(Working data)

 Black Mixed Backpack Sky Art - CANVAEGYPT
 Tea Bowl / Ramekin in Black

(End Working data)
(Working data)

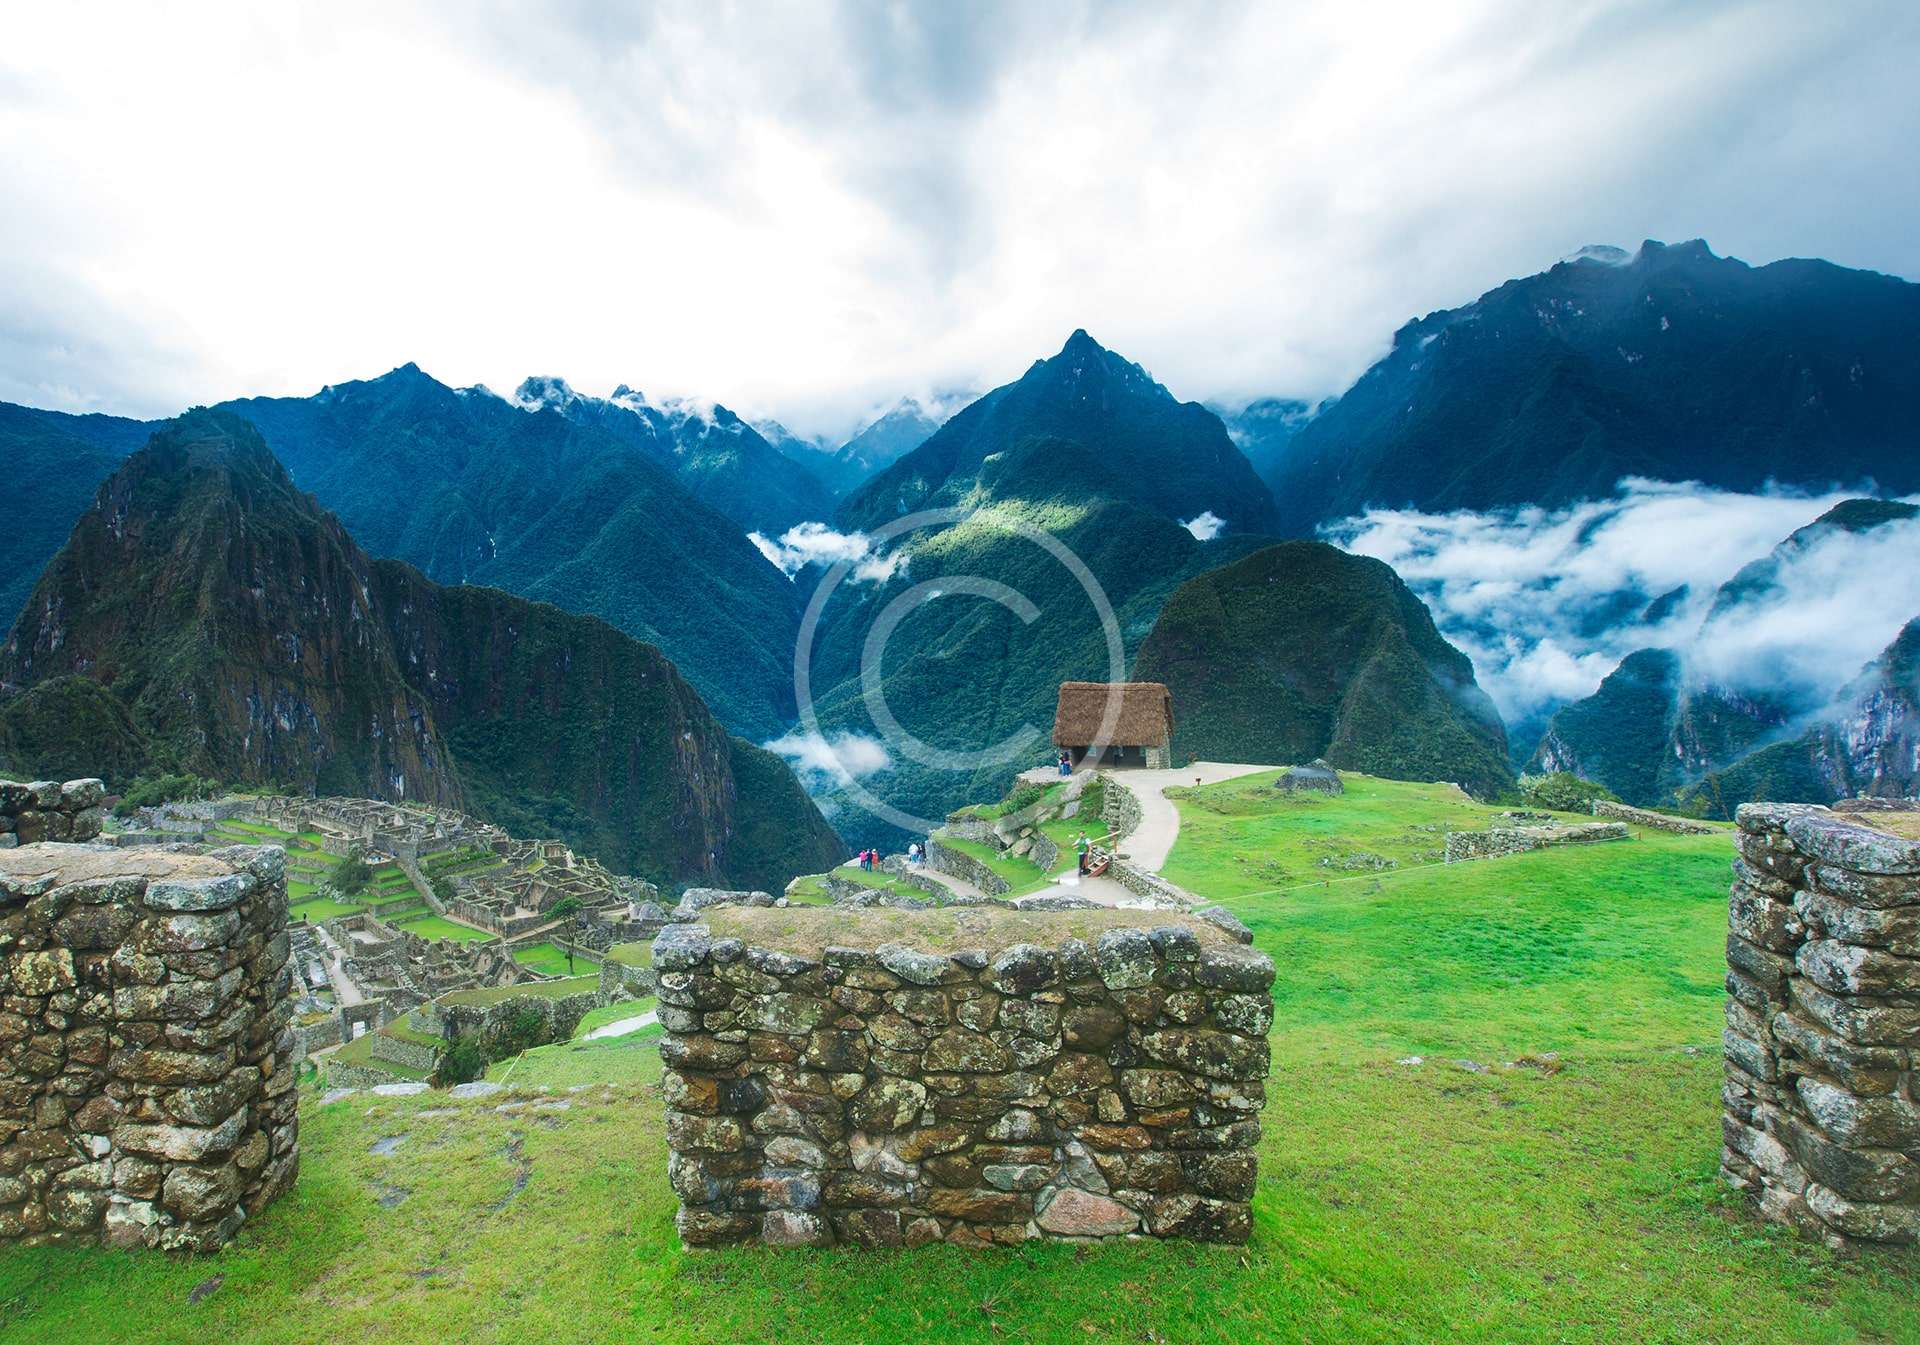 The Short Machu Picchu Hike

(End Working data)

Directions: In the listing above, find each line containing "Black" and copy it.

Result of the exercise:
 Black Mixed Backpack Sky Art - CANVAEGYPT
 Tea Bowl / Ramekin in Black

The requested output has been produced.